A, B, C, D, E, F, G…
Posted by meganmoriarty on April 22, 2010
Three weeks ago at Tuesdays Together, we pulled a group of the “regulars” out of the mutual support circle to begin exploring what would be a good next step for them as a group. While they all seem to really benefit from the mutual support time, we were sensing some of them wanted more. But we weren’t sure what that “more” should be. So we asked and they answered.
I was expecting a few different ideas, but their resounding response was: WE WANT TO LEARN ENGLISH!

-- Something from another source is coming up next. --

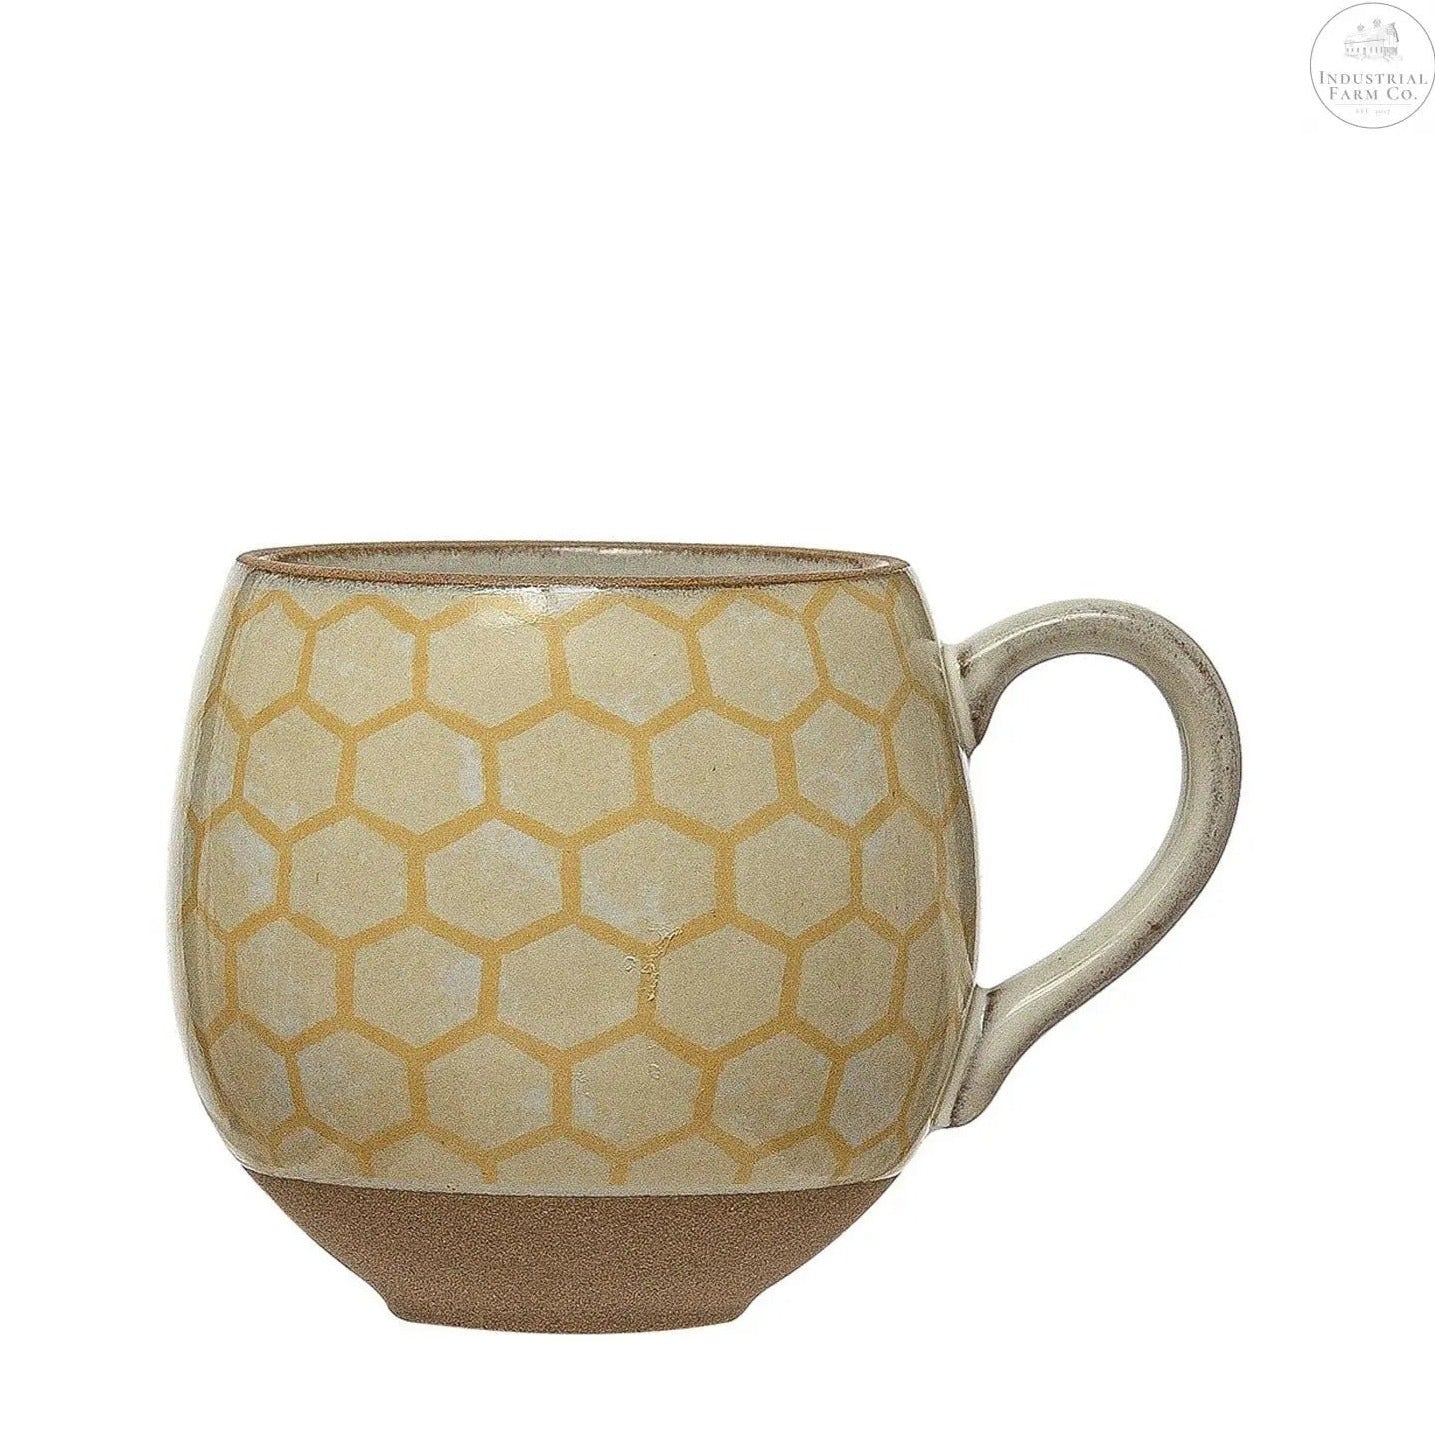 Bee Inspired Spring Mug     | Industrial Farm Co

They had different reasons for wanting to learn more English:
- being able to advance professionally
- feeling more comfortable in public spaces
- finally passing the U.S. citizenship test
- being able to communicate with their neighbors
- wanting to feel like they could stick up for themselves better
But they all wanted to start yesterday!
The next week we spent our time together thinking through how to solve some of the obvious challenges: no teacher, no books…The group nominated Alpha (a native English speaker) to start teaching the class and he graciously agreed. And then Julio (a native Spanish speaker that has learned a lot of English) stepped up to be his partner and translator. We decided to start with one class for one month and then evaluate.
Fast forward to this past Tuesday — two of our regulars were working late (David and Martin) and one was caring for a sick child (Elizabeth) so they couldn’t make it and some new faces joined our conversation. Thank goodness for Hector and Maria! They jumped right in to get the new folks caught up on our conversation to date. There were lots of questions about how to begin with people starting from different levels and there being no books. I started to get worried these details would seem too overwhelming and some of my friends might get frustrated.
At that point, I stepped out of the room to check on-line how much a certain book would cost. When I got back, I saw Alpha and Julio starting a lesson on the ABC’s! Just like that, they had decided to worry about the structure of the class later and to instead focus on learning something useful that night. As Carlos A. said last week: “I want to walk out that door knowing one more thing than I walked in with. I don’t care if it’s only one word, but I want to learn something now!”
The group quickly rearranged the tables, passed out paper and pens to everyone and started writing and learning. The most amazing thing was that those that knew the alphabet started helping those that didn’t — everyone assumed the role of teacher. And when Carlos A. fessed up that even after hearing the letters spoken he couldn’t remember how to pronounce them, Carlos J. shared his phonetic version. Then, Martha P. suggested they all practice spelling their names, since that was something she admitted to never feeling comfortable doing. That led to small groups practicing spelling all kinds of words.
I’ve taught English in the U.S. and overseas and I’ve never been a part of such a powerful mutual learning experience. Rarely do classmates have enough trust with each other and their teachers to: admit they don’t understand — like Carlos A. bravely did — or make suggestions about what would be the most helpful thing to practice — like Martha P. did. In the end, we still don’t have books, but everyone left the room that night feeling like they had learned something useful and it was their neighbors that had taught them.